Minors in Detention v. Honduras
Inter-American Commission on Human Rights
March 10, 1999
Other International Provisions:
American Convention on Human Rights, Articles 1 (obligation to respect rights), 5 (personal integrity), 7 (personal freedom), 8 (due process), 19 (rights of the child), 25 (judicial protection), 29, 46 and 50);
International Covenant on Civil and Political Rights, Articles 7 (prohibition of torture), 10 (deprivation of liberty);
United Nations Standard Minimum Rules for the Administration of Juvenile Justice, Rule 13 (pre-trial detention)
Amparo Law (Articles 32 and 33)
Child and Adolescent Code (Article 141)
Honduran Constitution (Articles 84, 119, 120, 122 and 182)
Juvenile Jurisdiction Law (Article 21)
Two non-profit organizations – the Center for Justice and International law (CEJIL) and the Asociación Casa Alianza – filed a complaint against Honduras on behalf of children who had been unlawfully arrested for non-criminal acts such as vagrancy and imprisoned alongside adults as authorised by the Honduran Supreme Court. Many of the children had been sentenced by criminal courts or magistrates rather than juvenile courts, and faced physical and sexual abuse while incarcerated.
Issue and resolution:
Juvenile justice; detention. The Commission agreed that Honduras had unlawfully arrested and incarcerated children in adult prisons, and made recommendations for Honduras to end the practices at issue.
Honduras had a well-established practice of allowing children to be deprived of their liberty and confined in adult prisons, which resulted in extensive violations of children's rights to liberty, humane treatment, a fair trial, and judicial protection under the American Convention on Human Rights. In examining these violations, the Commission looked to Honduras's obligations under the Convention on the Rights of the Child for guidance.
As such, the Commission urged Honduras, among other things, to adopt measures to prevent the unlawful detention of children, investigate and punish those responsible for this detention, and provide reparations to children whose rights had been violated.

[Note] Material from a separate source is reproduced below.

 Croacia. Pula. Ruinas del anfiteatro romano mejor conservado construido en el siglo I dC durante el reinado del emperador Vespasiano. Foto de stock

Excerpts citing CRC and other relevant human rights instruments:
2. The petitioners argued that this practice was in violation of Article 122, paragraph 2 of the Constitution of Honduras, which stipulates that "No juvenile under the age of 18 shall be confined in a jail or prison", and Article 37 of the United Nations Convention on the Rights of the Child, which provides that "...every child deprived of liberty shall be separated from adults."
9. The petitioners alleged that the juveniles' physical integrity was imperiled and that the situation was contrary to all international laws governing the detention of minors, among them: Articles 5, 7, 19 and 29(b) of the American Convention on Human Rights (hereinafter "the American Convention" or "the "Convention"); Articles 7 and 10(b) of the International Covenant on Civil and Political Rights; Articles 3(1), 19(1) and, especially, 37 of the Convention on the Rights of the Child; and Article 13(4) of the United Nations Standard Minimum Rules for the Administration of Juvenile Justice (Beijing Rules).

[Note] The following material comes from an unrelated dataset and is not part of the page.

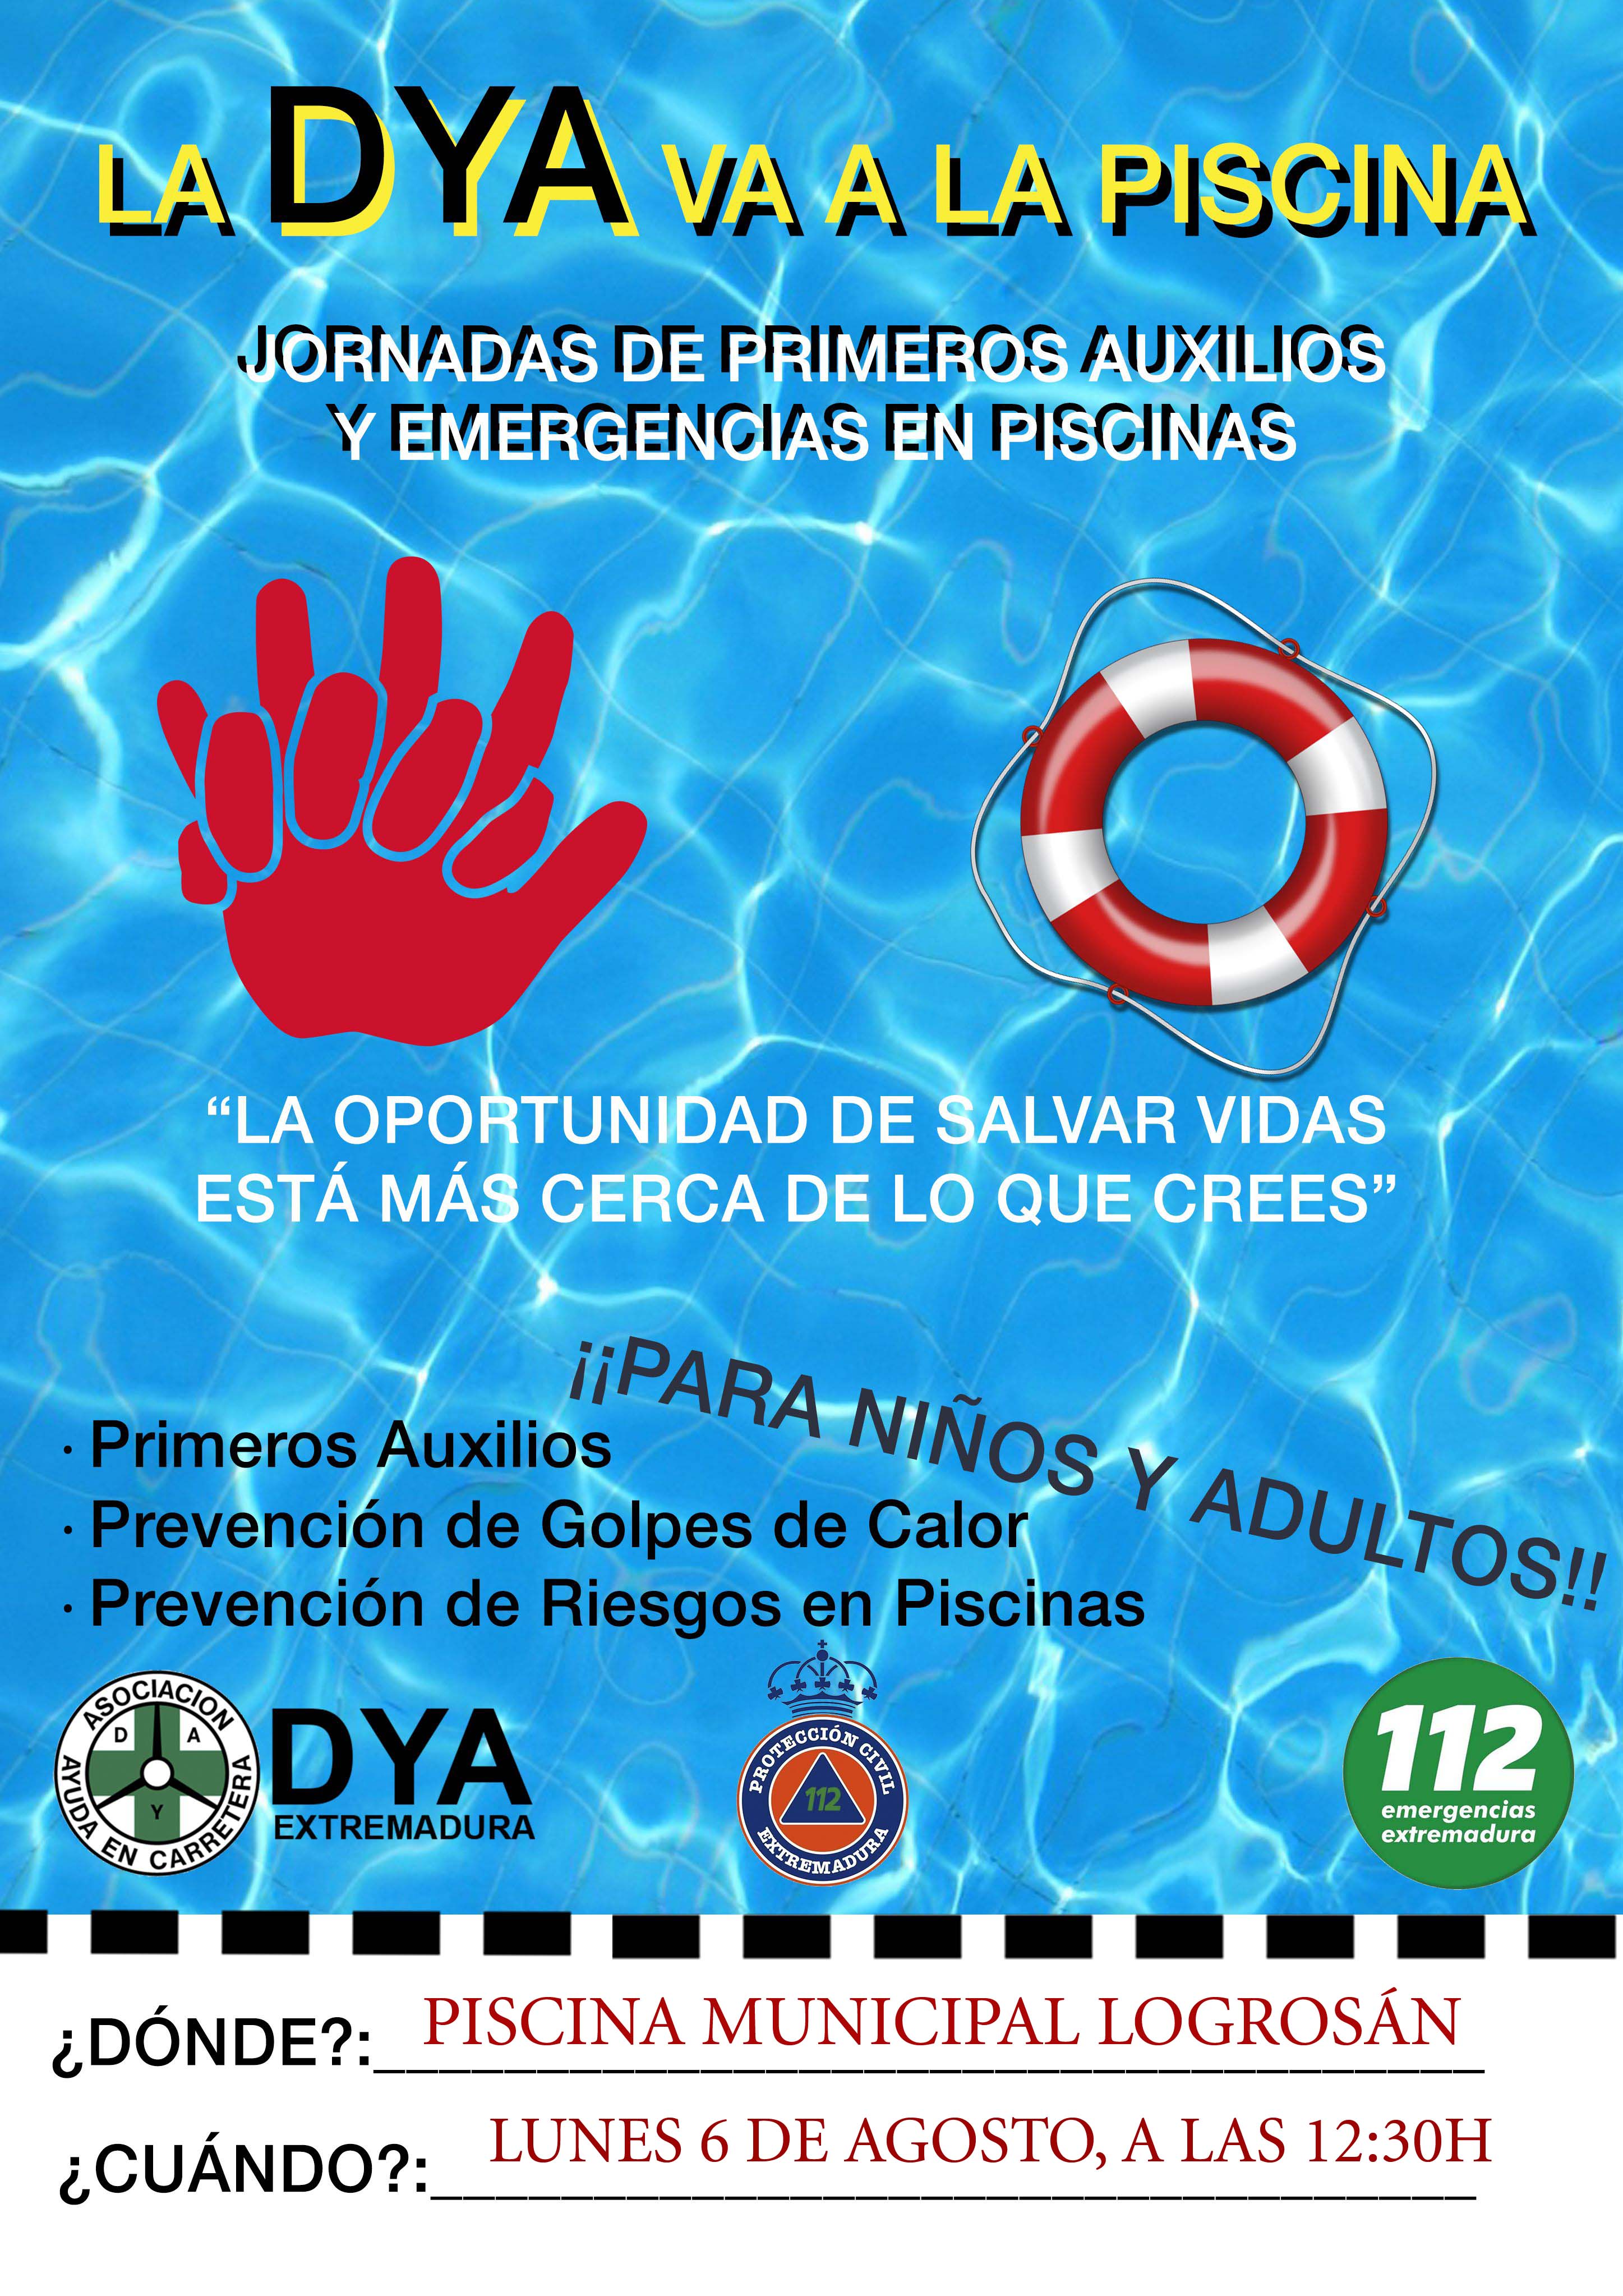 Jornadas de primeros auxilios y emergencias en piscinas 2018 - Logrosán

72. For an interpretation of a State's obligations vis-a-vis minors, in addition to the provision of the American Convention, the Commission considers it important to refer to other international instruments that contain even more specific rules regarding the protection of children. Those instruments include the Convention on the Rights of the Child and the various United Nations declarations on the subject. This combination of the regional and universal human rights systems for purposes of interpreting the Convention is based on Article 29 of the American Convention and on the consistent practice of the Court and of the Commission in this sphere.
73. As for the detention of juveniles alongside adults, Article 37(c) of the United Nations Convention on the Rights of the Child, which was ratified by Honduras on August 10, 1990, states that "... every child deprived of liberty shall be separated from adults unless it is considered in the child's best interest not to do so..."

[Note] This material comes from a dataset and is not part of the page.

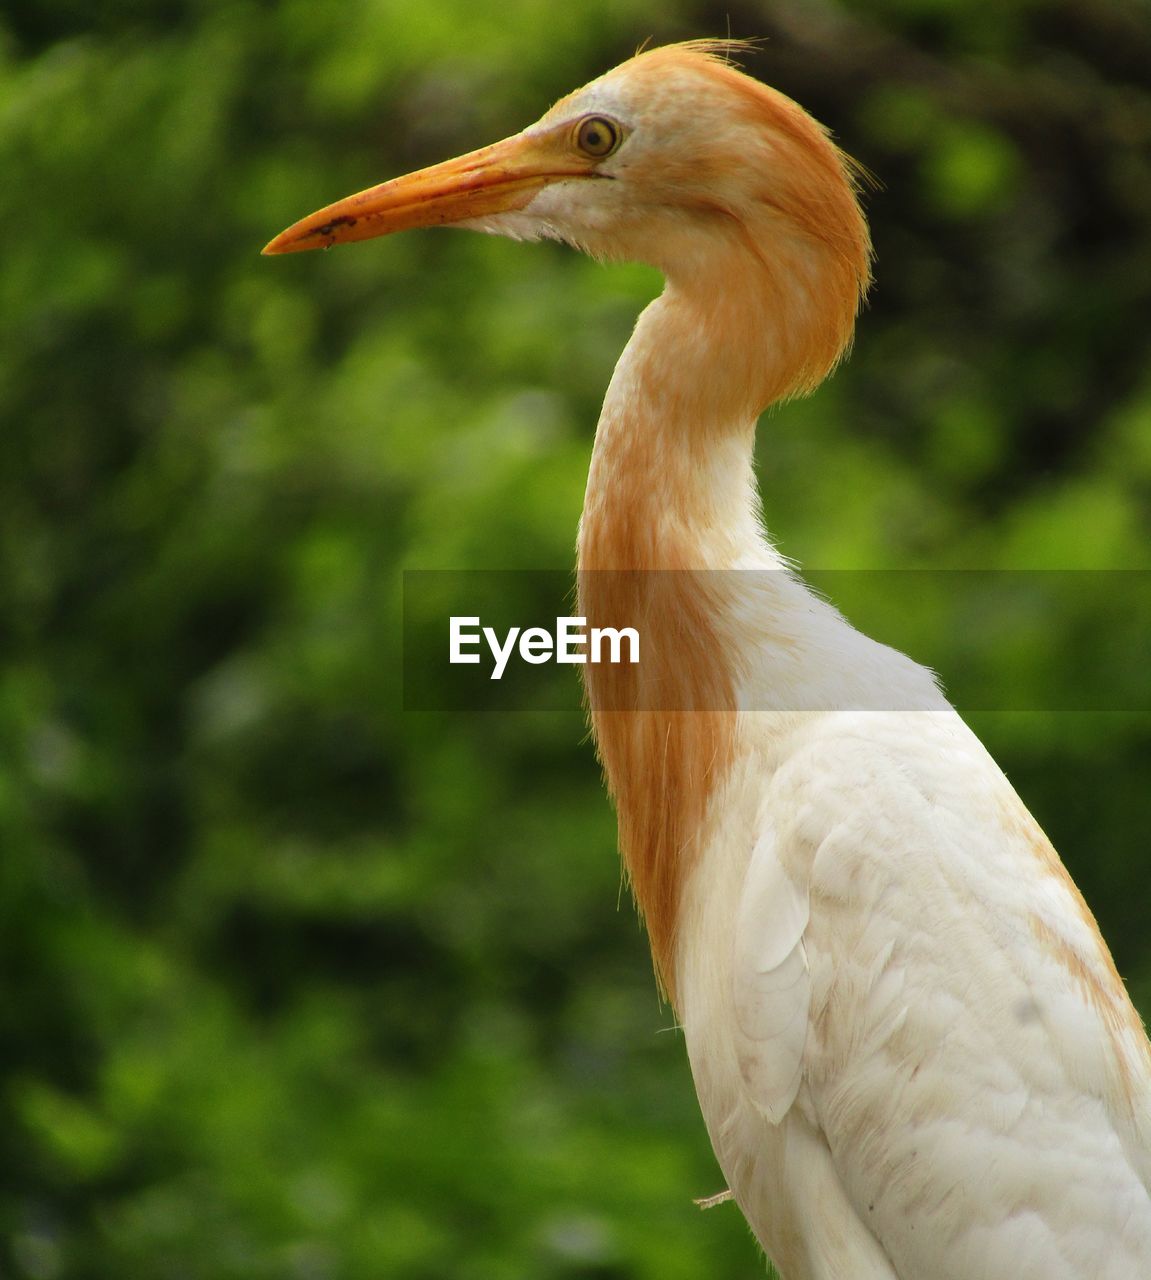 Close-up of crane bird.

110. Depriving a minor of his liberty unlawfully, even if it be for a criminalized offense, is a serious violation of human rights. The State cannot argue the need to protect the child as grounds for depriving him of his liberty or of any other rights inherent in his person. Minors cannot be punished because they are at risk, that is to say, that because they need to work to earn a living, or because they have no home and thus have to live on the streets. Far from punishing minors for their supposed vagrancy, the State has a duty to prevent and rehabilitate and an obligation to provide them with adequate means for growth and self-fulfillment. In this connection, Article 39 of the Convention on the Rights of the Child states that:
States Parties shall take all appropriate measures to promote physical and psychological recovery and social reintegration of a child victim of: any form of neglect, exploitation, or abuse, torture or any other form of cruel, inhuman or degrading treatment or punishment ... Such recovery and reintegration shall take place in an environment which fosters the health, self-respect and dignity of the child.
115. Article 37 of the Convention on the Rights of the Child also provides that "the arrest, detention or imprisonment of a child ... shall be used only as a measure of last resort."
138. At the international level, the United Nations Convention on the Rights of the Child provides that States Parties' shall, inter alia, develop institutions and services for the care of children (Article 18). States Parties are also to take "all appropriate legislative, administrative, social and educational measures to protect the child from all forms of physical or mental violence, injury or abuse, neglect or negligent treatment, maltreatment or exploitation, including sexual abuse, while in the care of parent(s), legal guardian(s) or any other person who has the care of the child. Such protective measures should include effective procedures for the establishment of social programs to provide necessary support for the child and for those who have the care of the child, as well as for the identification, reporting, investigation, treatment and follow-up of instances of child maltreatment described heretofore, and, as appropriate, for judicial involvement." (Article 19).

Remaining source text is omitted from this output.